Coronavirus, Giulio Tarro: “Il vaccino non serve. Italia e Lombardia hanno perso tempo”


Coronavirus. A parlare è Giulio Tarro, nato nel  1938, laureato all’Università Federico II con il massimo dei voti, allievo di Sabin (il virologo cui si deve il vaccino contro la poliomielite) e poi due volte candidato al Nobel per la Medicina. Protagonista di battaglie come quella contro la Sars e contro la sindrome respiratoria del medio oriente, a livello nazionale è conosciutissimo soprattutto per aver contribuito a sconfiggere il colera.

Il famoso virologo, ex dipendente dell’ospedale Cotugno ormai in pensione, si esprime sulla questione di un ipotetico vaccino per sconfiggere il Covid-19. Secondo il suo punto di vista potrebbe essere inutile.

Intervistato da Businessinsider sono queste le sue parole: “Se il virus ha come sembra una variante cinese e una padana, sarà complicato averne uno che funziona in entrambi i casi esattamente come avviene per i vaccini antinfluenzali che non coprono tutto”.

“Oggi ci si informa su internet, alla mia età e dall’alto della mia esperienza mi tengo alla larga. Ho isolato il vibrione del colera a Napoli, ho combattuto l’epidemia dell’Aids e ho sconfitto il male oscuro di Napoli, il virus respiratorio ‘sincinziale’ che provocava un’elevata mortalità nei bimbi da zero a due anni affetti da bronchiolite”. Dice riguardo allo scontro avuto con Roberto Burioni, il quale asseriva che “A inizio febbraio,  il rischio di contrarre il virus fosse zero perché in Italia non circolava”, quando invece già stava circolando da un po’ di tempo.

L’unica strada percorribile secondo lui è l’attuazione di una terapia antivirale che potrebbe essere messa a punto già in estate: “Una cura che potrebbe arrivare anche per l’estate. Spero che la scienza e il caldo possano essere alleati. E confido che potremo andare a fare i bagni. Troppa gente parla del coronavirus senza avere il supporto dei dati scientifici e senza le giuste conoscenze”.

Secondo Tarro, sull’argomento Covid-19 c’è solo un gran polverone in quanto, non avendo la stessa mortalità della Sars, non è mortale per il 96% degli infetti.

Riguardo la situazione critica nel sistema sanitario lombardo invece afferma che la possibile causa potrebbe essere che “Tra il 1997 e il 2015 sono stati dimezzati i posti letto in terapia intensiva. E, peggio, non siamo stati abbastanza veloci a riparare i danni”.

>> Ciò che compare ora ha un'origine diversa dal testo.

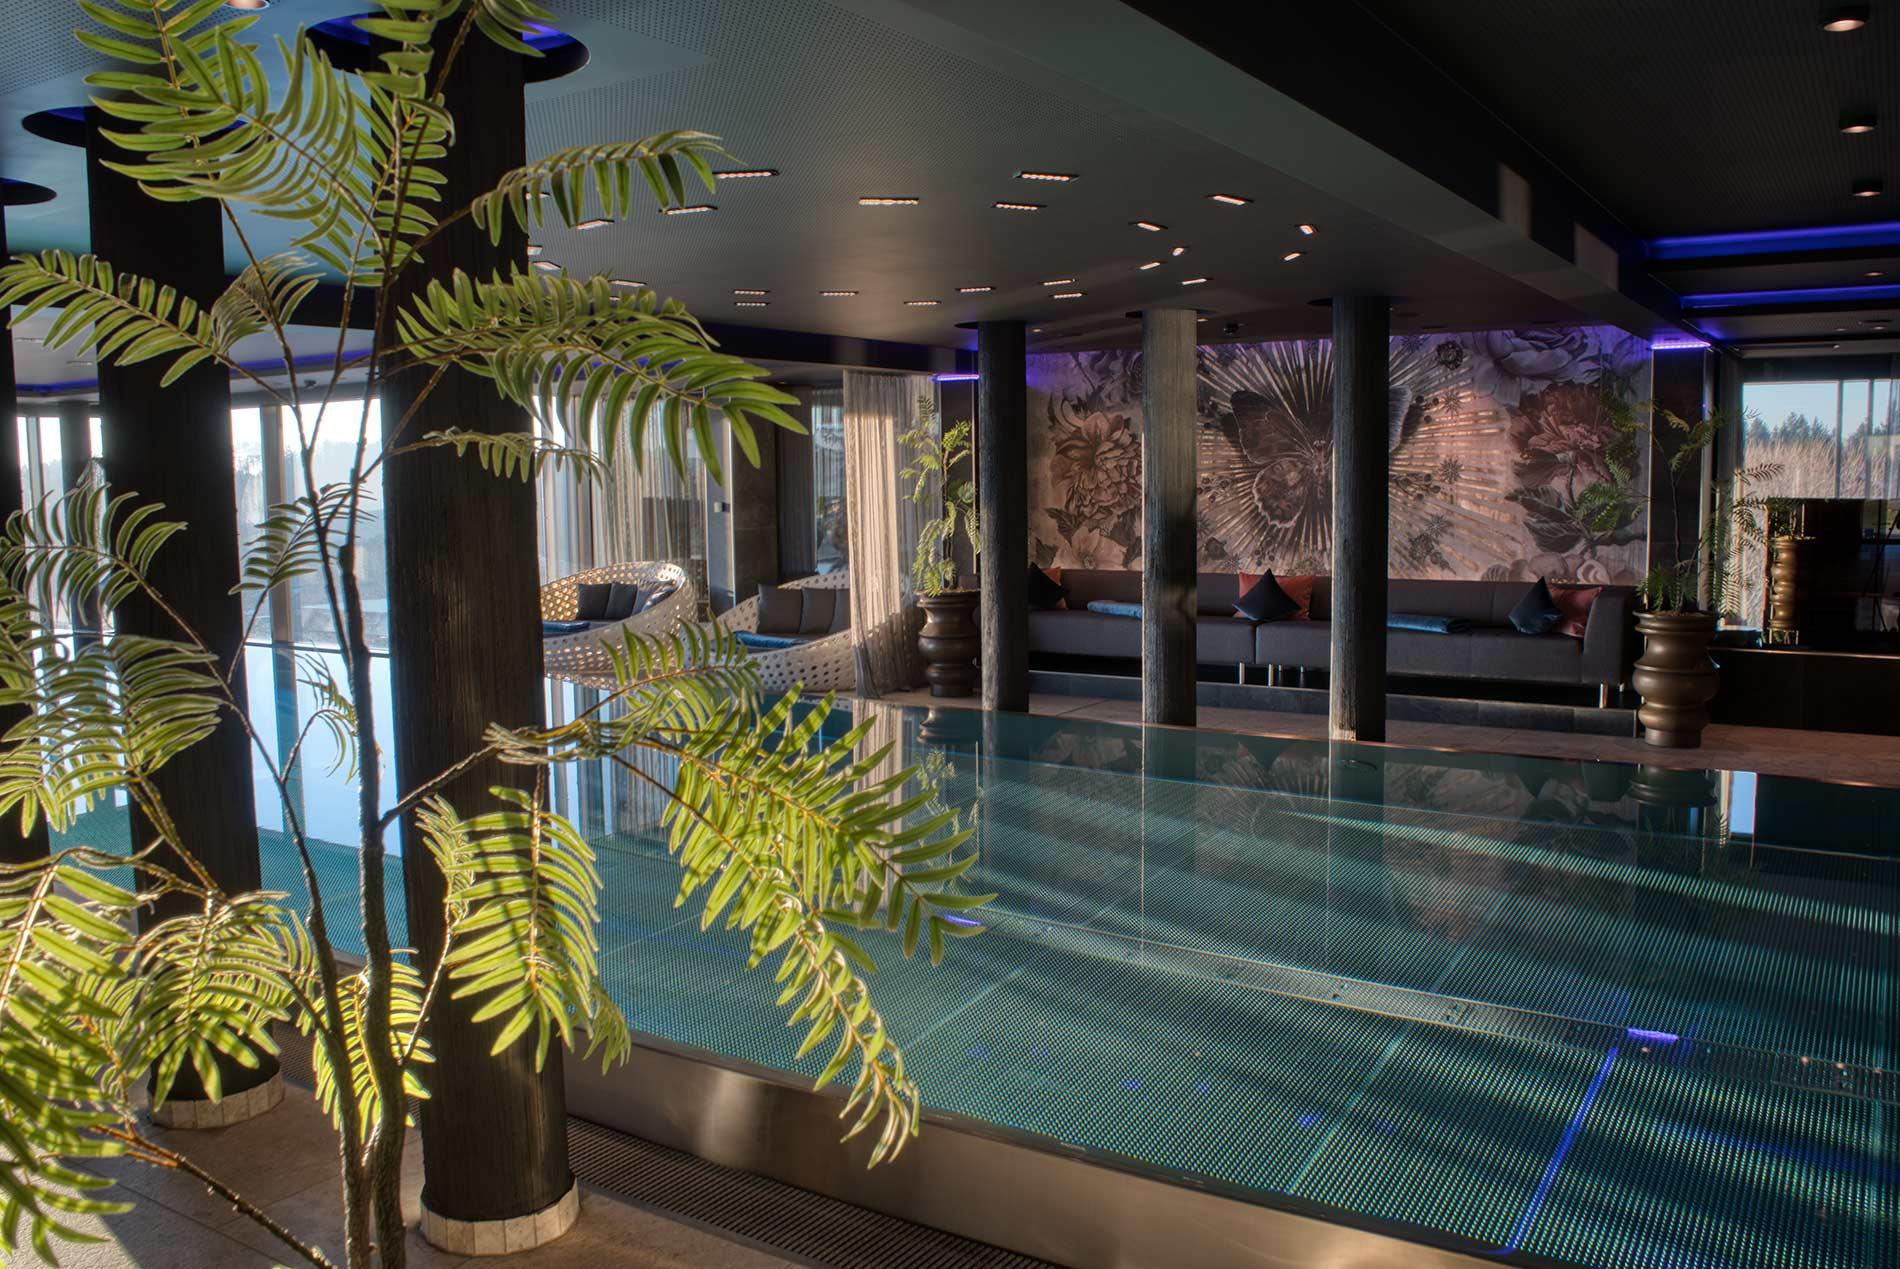 angerhof sport wellnesshotel in st englmar. Black Bedroom Furniture Sets. Home Design Ideas
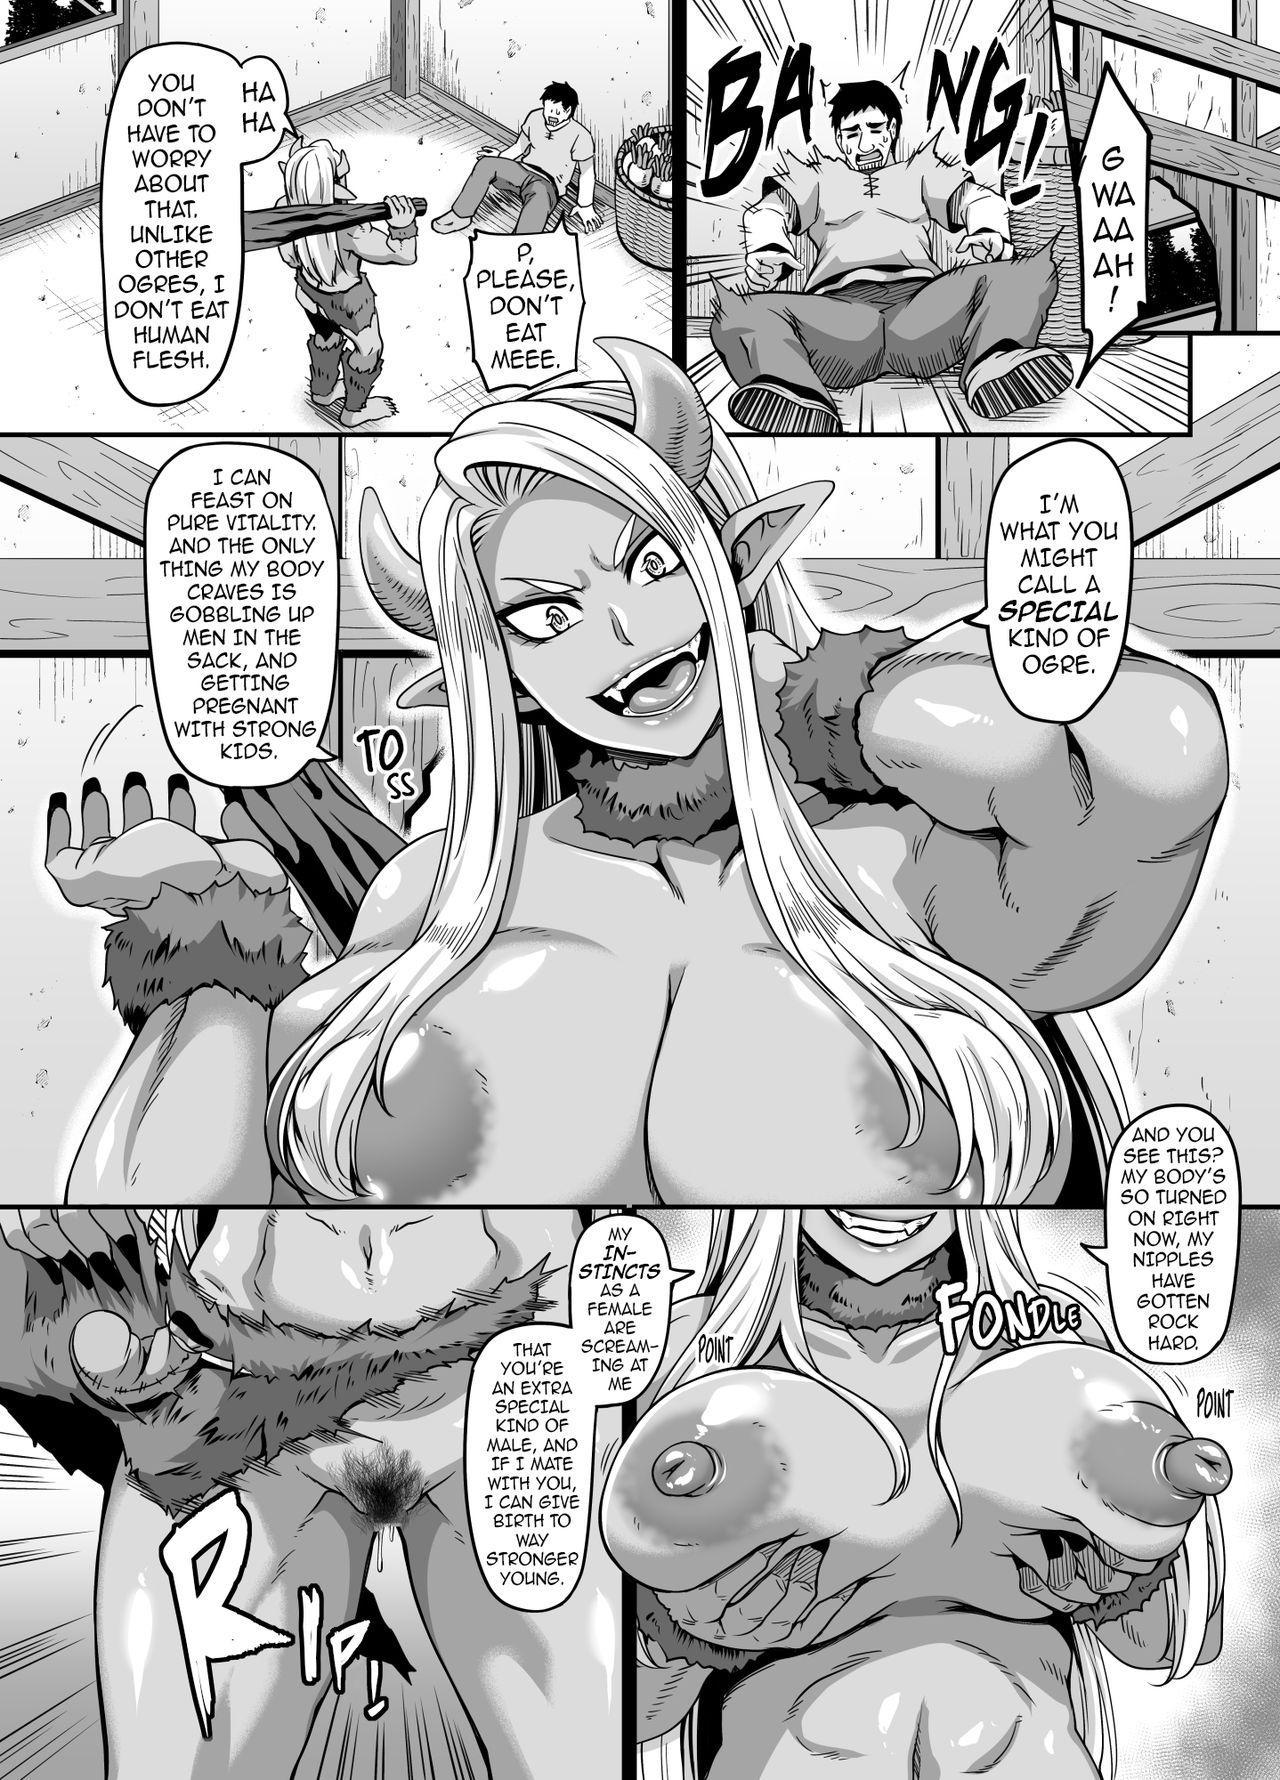 Mesu Ogre wa Kentauros Chinpo o Musabori Okasu | Female Ogre is Gonna Fuck Centaur Horse Cock Till She Drops 4

La lentezza secondo lui ha ingigantito la portata del virus perché “L’Italia e la Lombardia in particolare hanno perso troppo tempo tra la dichiarazione dello stato d’emergenza del 31 gennaio e l’attivazione di misure ad hoc per fronteggiare l’emergenza. Perché quando abbiamo avuto le notizie dalla Cina, i francesi sono intervenuti subito sui posti in terapia intensiva e noi no? Abbiamo preferito bloccare i voli con la Cina: una misura davvero inutile. Per non parlare poi del caos mascherine. La verità è che all’inizio non le avevamo quindi si diceva che dovessero usarle sono medici e pazienti, poi siamo diventati produttori di mascherine e quindi diciamo che servono a tutti. È incredibile, bisognava dire a tutti subito di usarle e di mantenere le distanze, invece, è stato fatto un pasticcio dopo l’altro. Si voleva blindare la Lombardia come la Cina e poi si è permesso a migliaia di persone di migrare al sud… Francamente non si è capito quale sia stato l’approccio del governo e le misure di contenimento sono state prese in ritardo”.

Un altro ostacolo sarebbe rappresentato dalle strategie di comunicazione adottate. Infatti secondo lui “L’allarme è fonte di stress e lo stress, paradossalmente, determina un calo delle difese immunologiche”.

Queste le sue tre ipotesi sulla possibile e tanto attesa fine della pandemia: “Potrebbe sparire completamente come la prima Sars; ricomparire come la Mers, ma in maniera regionalizzata o diventare stagionale come l’aviaria”.